Peru: Humala makes demands on Camisea consortium

Peru’s new minister of energy and mines, Carlos Herrera Descalzi, said Aug. 31 that the Camisea consortium has been given two years to find new natural gas reserves to meet its export contracts, and that all gas from Lot 88, already under development in the rainforest of Cuzco region, would after that time be used to meet domestic demand. Herrera said the government was taking the move in response to “the just demand of the country.” But he added: “All the contracts have been signed under the belief that there is more gas in Peru, that we were going to find more. What we are saying is that there is a two-year term to find more gas, a reasonable time frame for them to find more gas or to find another guarantee that isn’t Block 88.” President Ollanta Humala Tasso added after a meeting with leaders of the General Confederation of Workers of Peru (CGTP): “We have work to do on the issue of energy. We have failed to resolve the problem, and we want to do so in good faith, and without the necessity to resort to other methods.” The previous administration of Alan García had started talks on changing the contract with the Camisea consortium, but those efforts stalled. (La Republica, Andina, Andina, Aug. 31)

Humala warned that contracted gas exports to Mexico would be cancelled if the consortium does not find alternatives to Lot 88. But Aurelio Ochoa, president of PeruPetro, the agency that approves oil concessions, said the government seeks to triple oil production in the country during Humala’s term in office.
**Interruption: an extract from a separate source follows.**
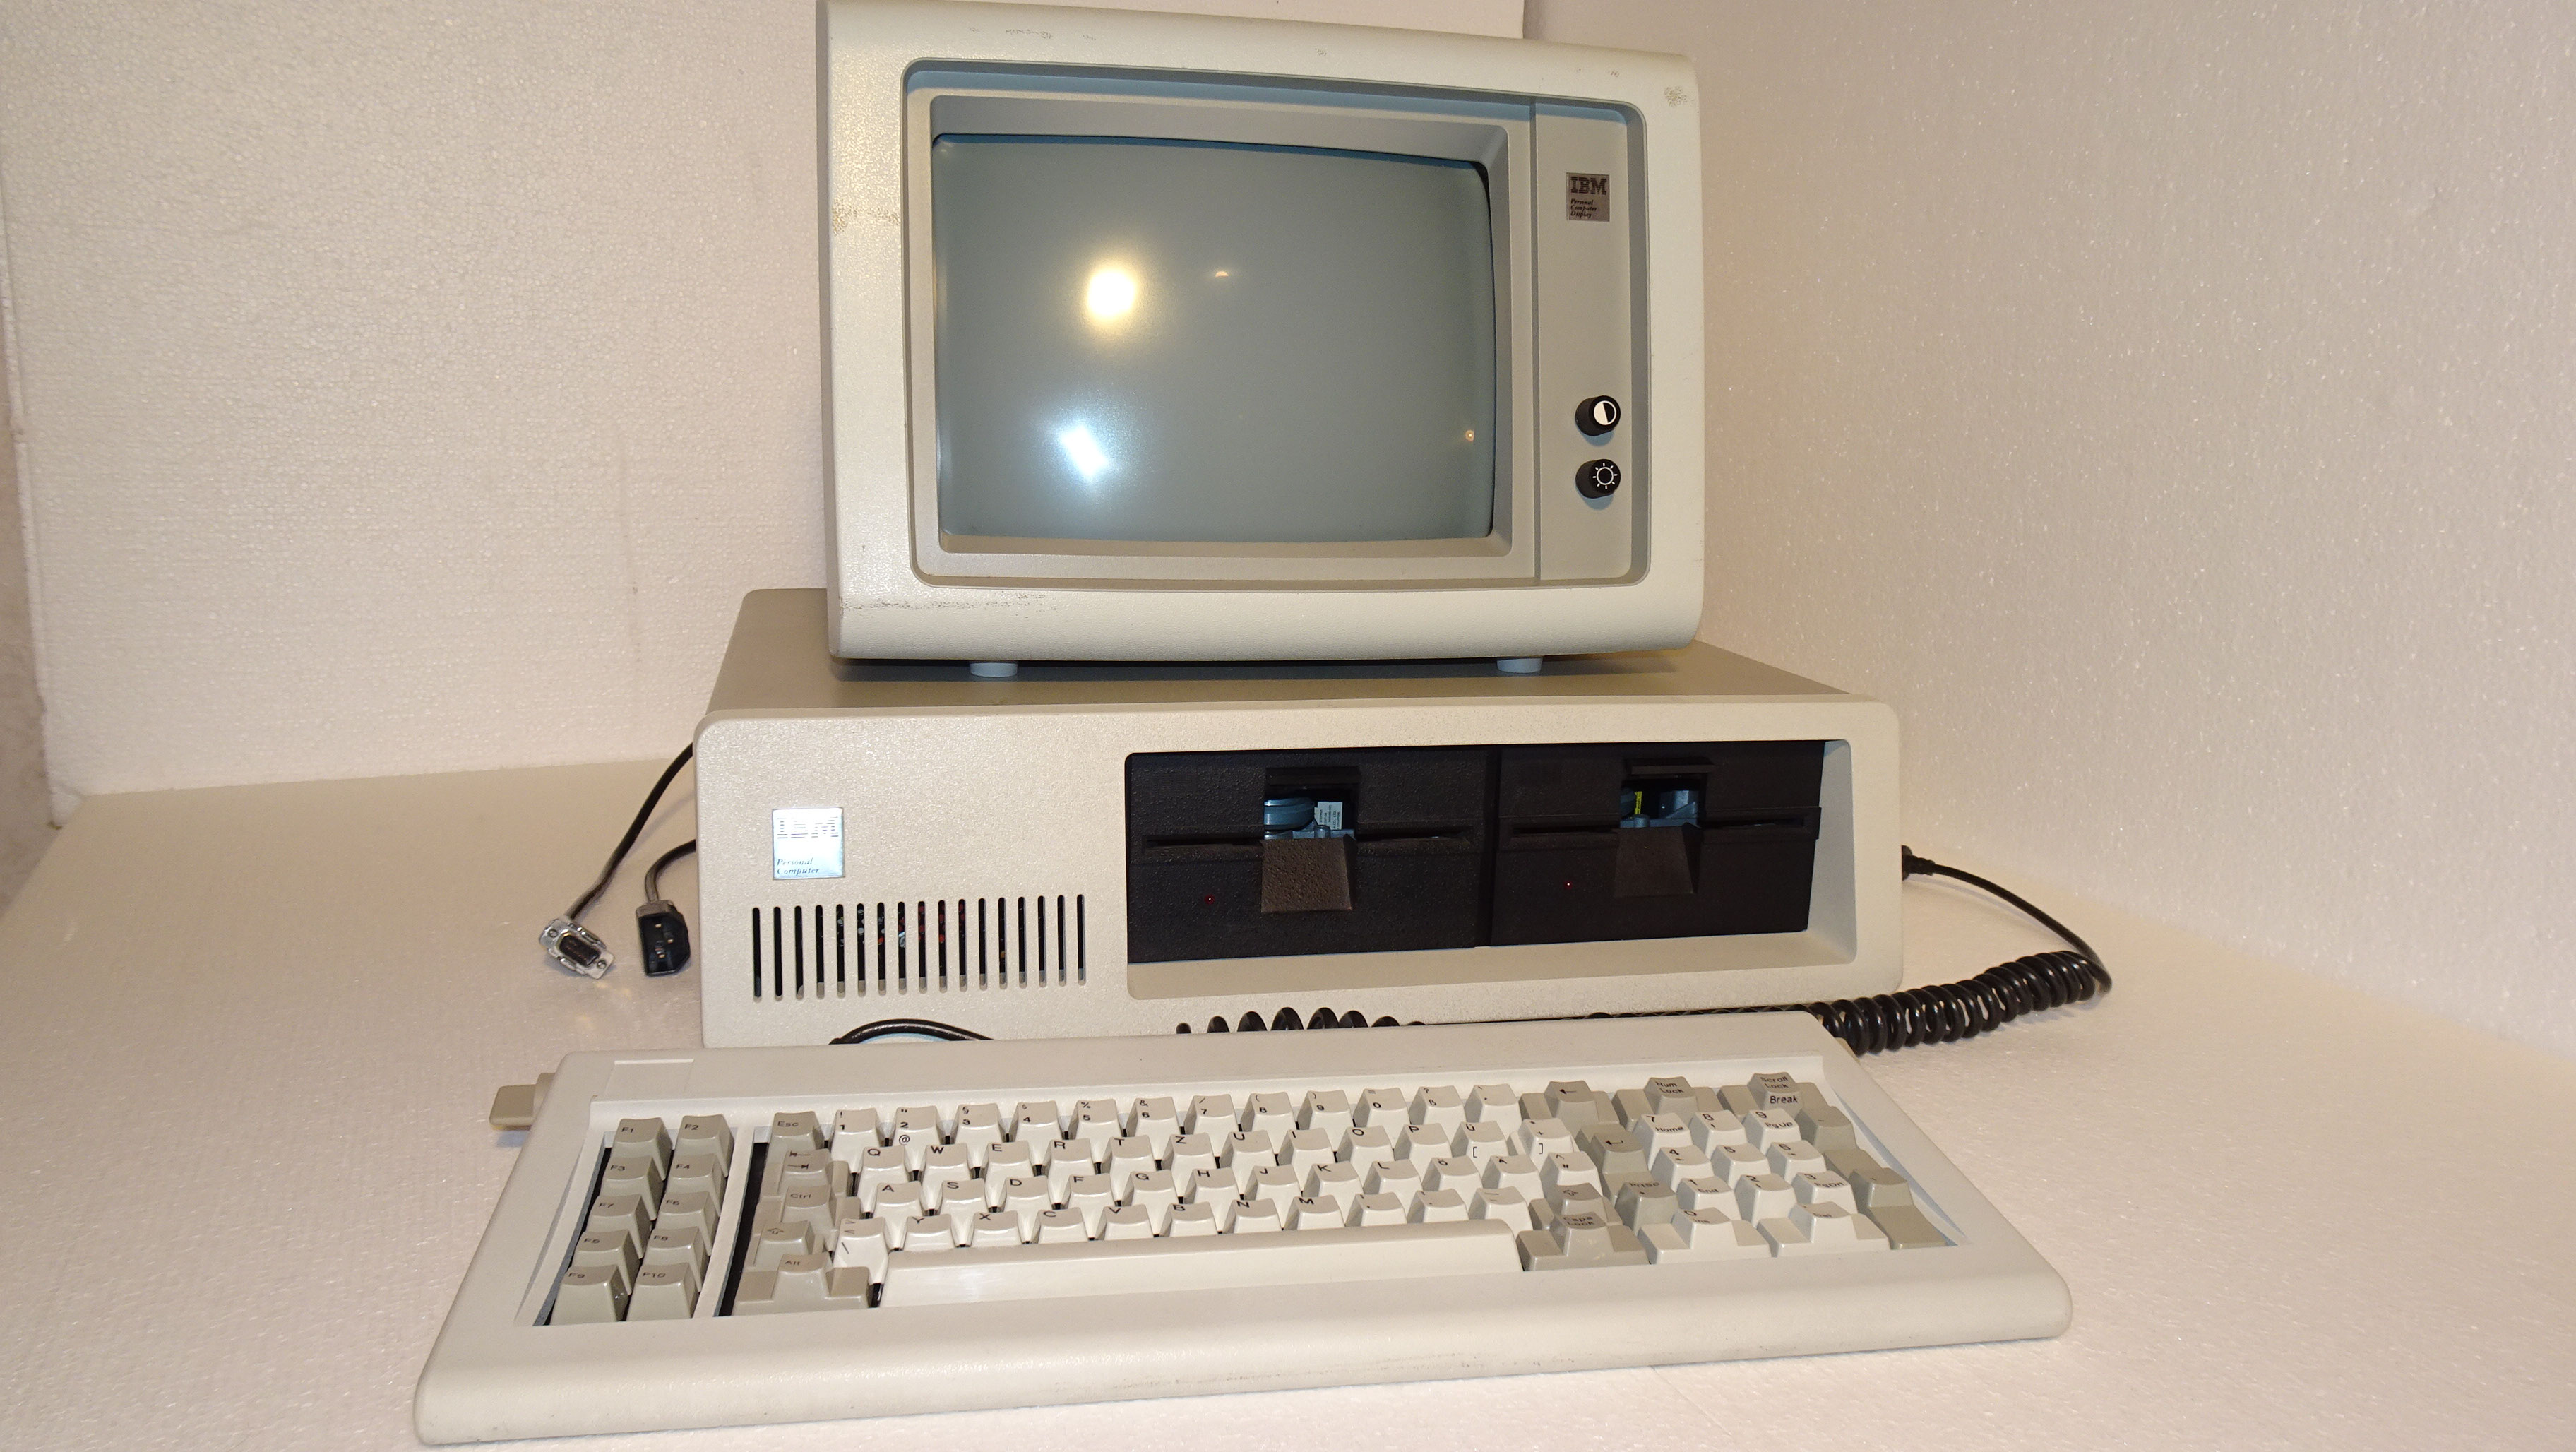 Neuzugang: IBM 5150 - Der erste "PC" - Yesterchips - Museum für

He warned that in the past three years, 16 exploratory wells had been drilled in Peru, compared to 281 in Colombia in the same period. “We need a more aggressive investment program,” Ochoa said. (Pueblo y Sociedad Noticias, Bloomberg, Aug. 31)
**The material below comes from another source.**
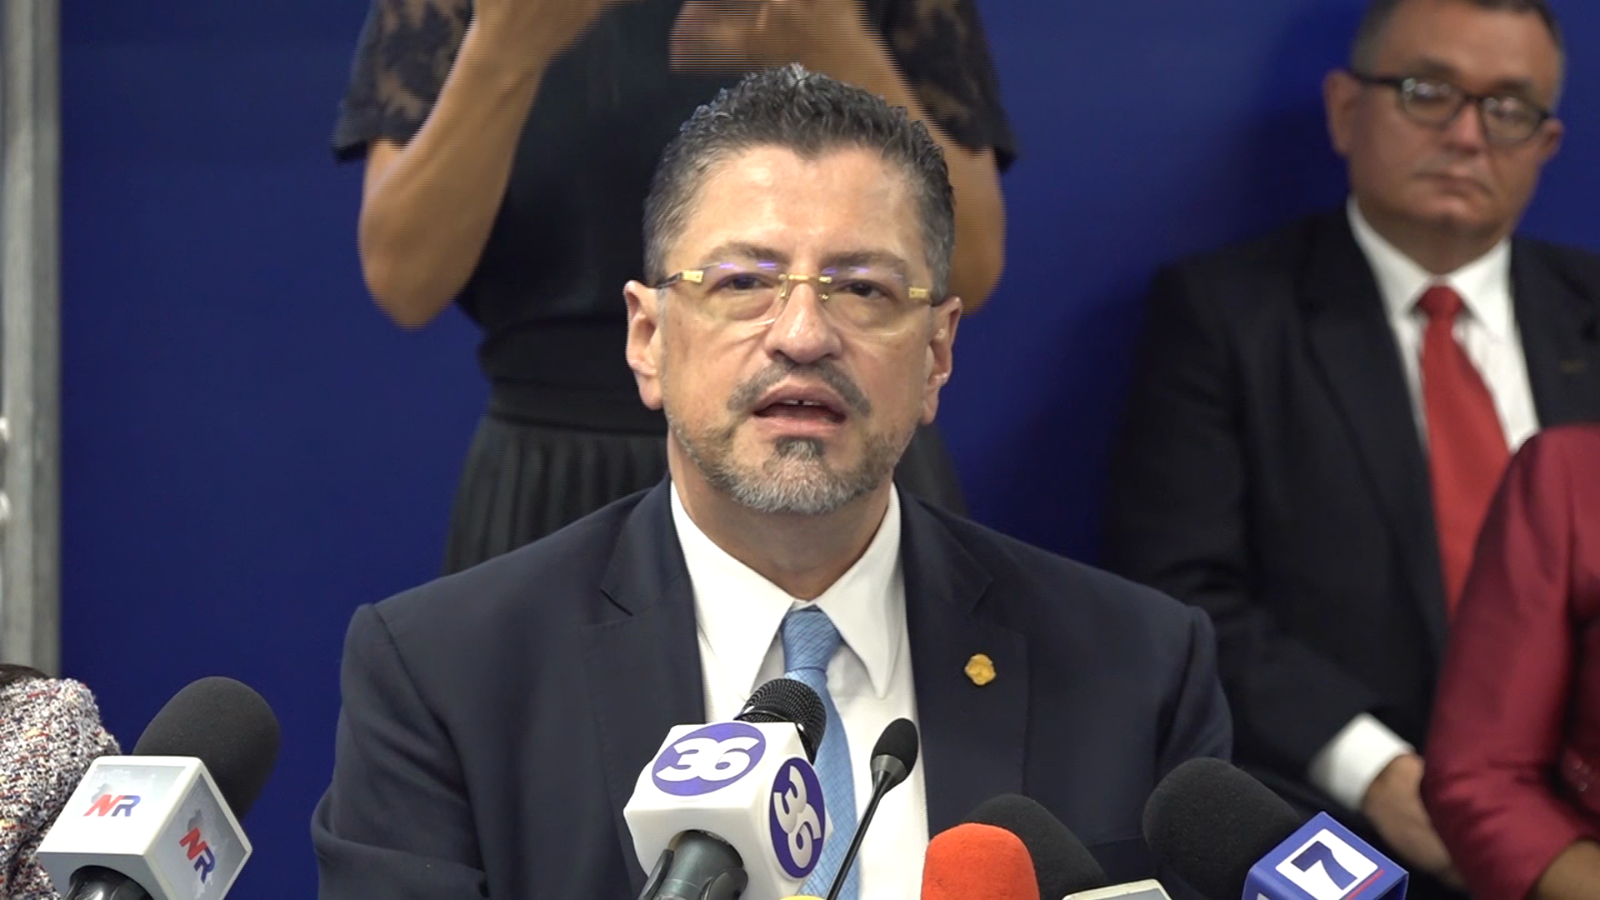 Rodrigo Chaves asume la presidencia de Costa Rica el 8 de mayo: ¿cuáles son sus principales desafíos?  |  Video

Indigenous leaders have expressed disappointment in the Humala government’s announced intention to attract $20 billion in petroleum and gas investment over his five-year term—more than the $6.2 billion the sector attracted under García. “The communities had entrusted this government to oversee a real, profound change,” said Alberto Pizango, head of Peru’s Amazonian indigenous alliance, AIDESEP. “But Humala has altered his discourse, leading the people to say this government will just be more of the same.”

Pizango acknowledged that Peru’s new law mandating indigenous peoples be consulted on development projects on their land represents progress—but said it was insufficient. “I feel the people are increasingly convinced that the only way to be heard is through their protests,” Pizango said. “They want an end to traditional politics…not just dialogue.”
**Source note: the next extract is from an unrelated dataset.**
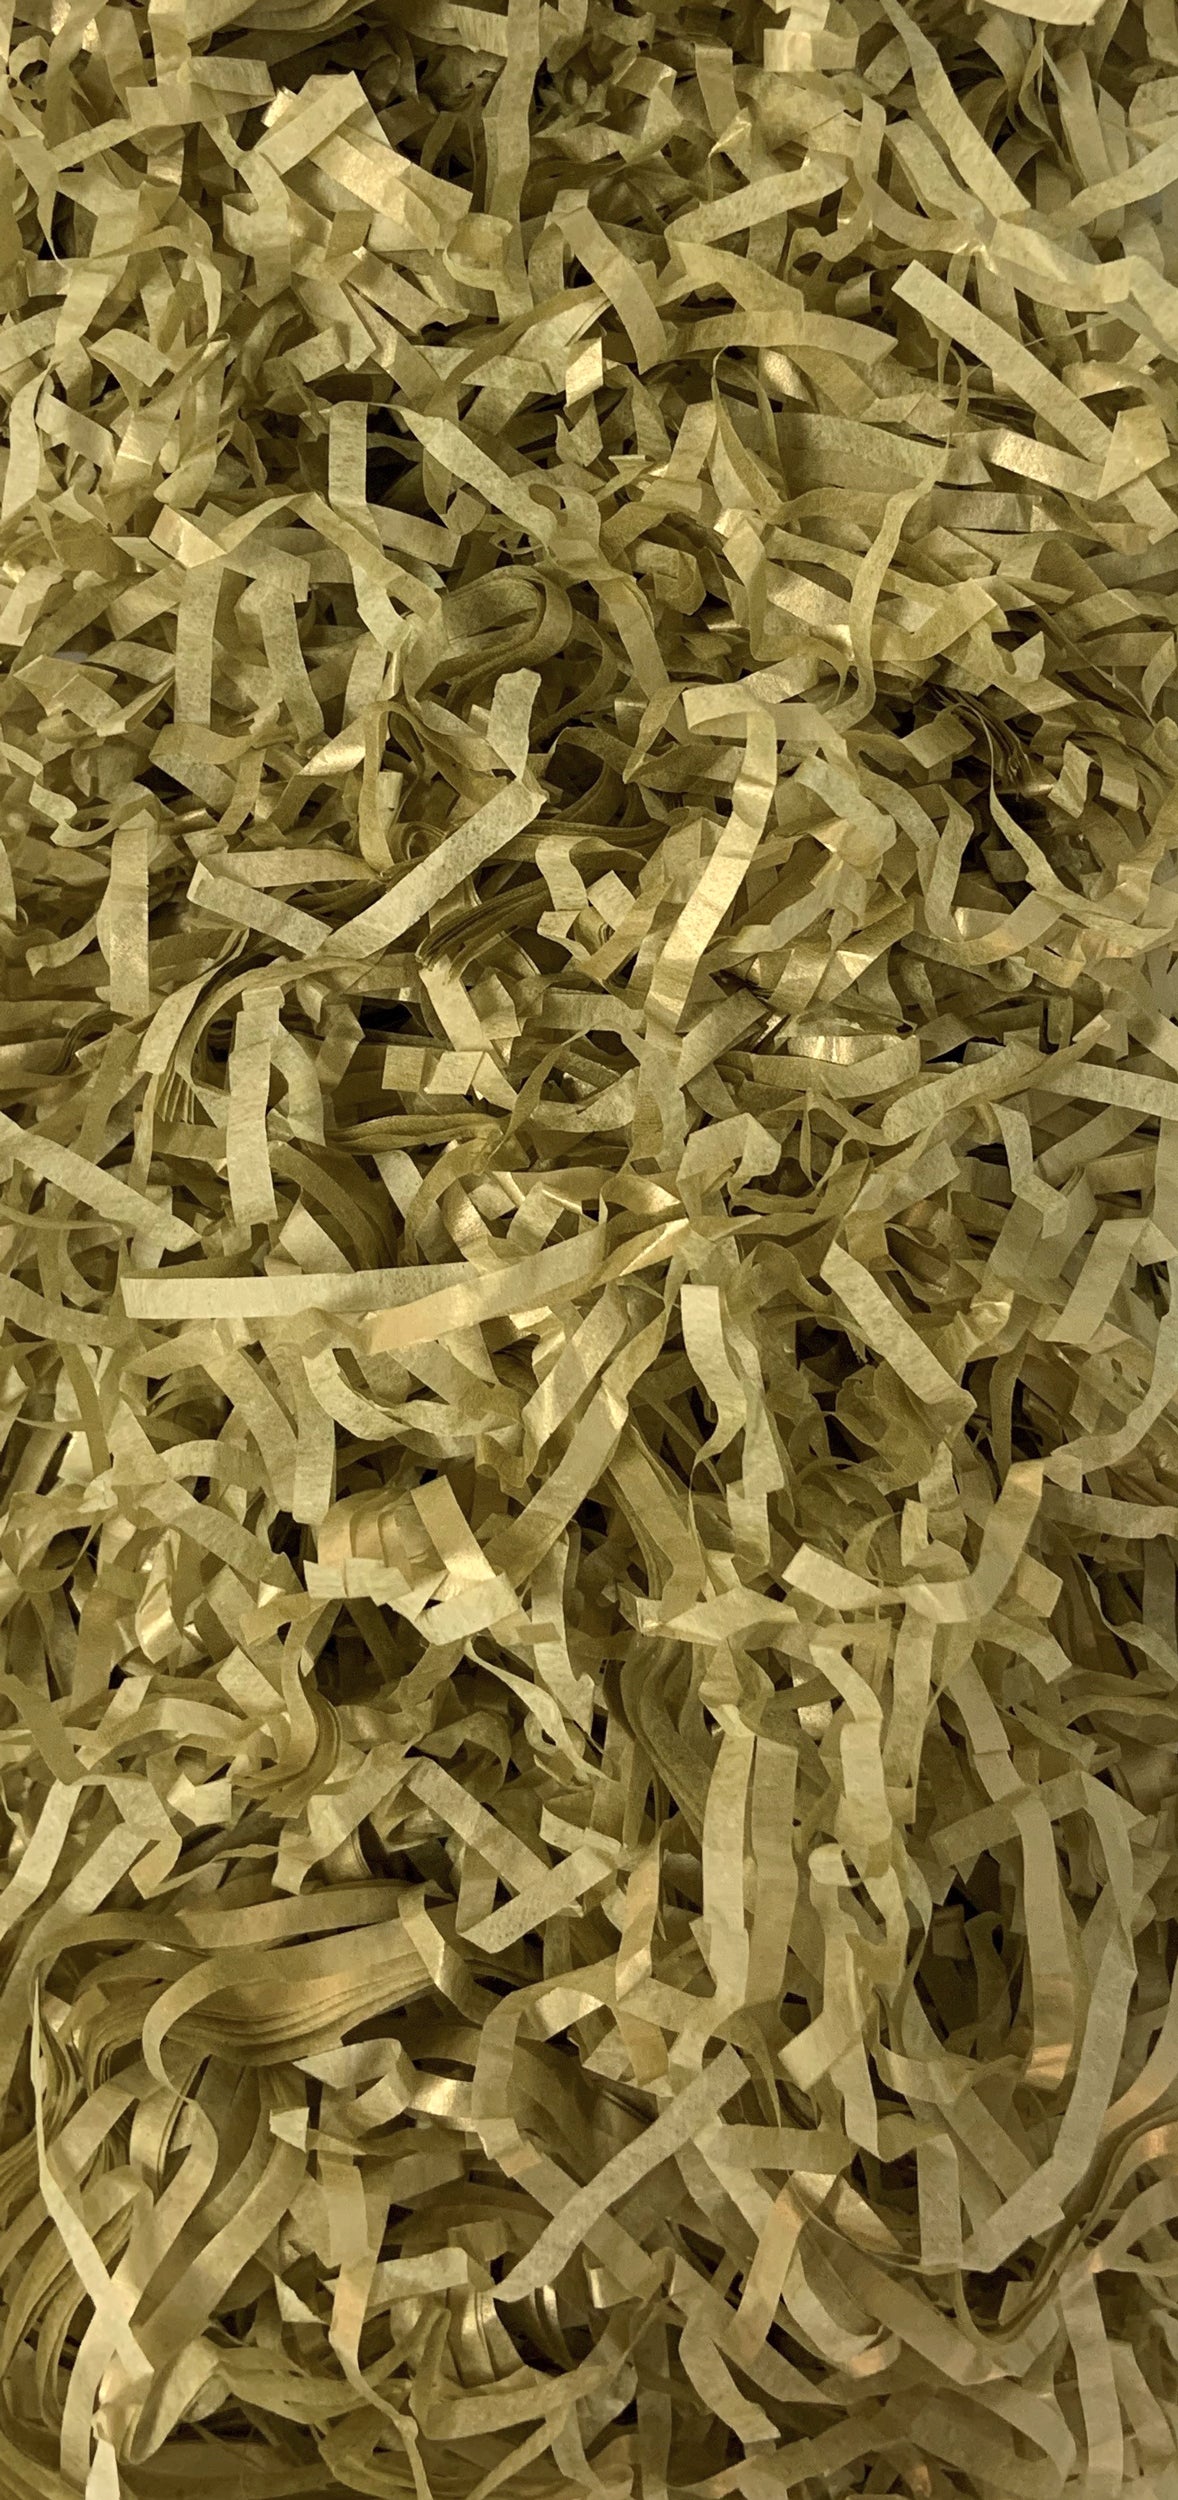 Shredded Tissue Pack - Gold (20g)

Concerns were also raised about the government’s commitment to protect reserves that have been established for “uncontacted” rainforest peoples—some of which overlap with the Camisea gas fields. “I’m not convinced Humala’s going to stand up for people who don’t have any power,” said Gregor MacLennan of the group Amazon Watch. “I’m concerned about what’s happening to the whole region. It’s going to reach a tipping point.”

Ochoa has said that reserves will be treated with “total respect”—but also plans to aggressively promote exploratory drilling in Peru, which he considers a “semi-explored” petroleum landscape. “Remember that there are different types of reserves,” he said. “There are some that are untouched and virgin, but others can see some extraction.” (Reuters, Aug. 17)

Reality TV colonizes rainforest
Indigenous leaders are also protesting a “reality television” series filmed in communities of the Machiguenga—one of the groups impacted by the Camisea fields. The “Mark & Olly’s World’s Lost Tribes” series, broadcast in 2009 on the Travel Channel in the United States, shows two self-styled modern-day explorers supposedly visiting a mysterious, remote tribe. Anthropologist Glenn Shepard said stars Mark Anstice and Olly Steeds “want to live out their fantasy of going native. They have this shtick that they impose on people.” In an article published in the May issue of Anthropology News, Shepard cites various parts of the shows in which he says the subtitles are unrelated to the Machiguenga speakers’ words.

“The sound bites had nothing to do with what was in the subtitles, often,” Shepard told Indian Country Today, saying the series “reproduces a completely outdated idea of indigenous Peoples.” (ICT, Aug. 19)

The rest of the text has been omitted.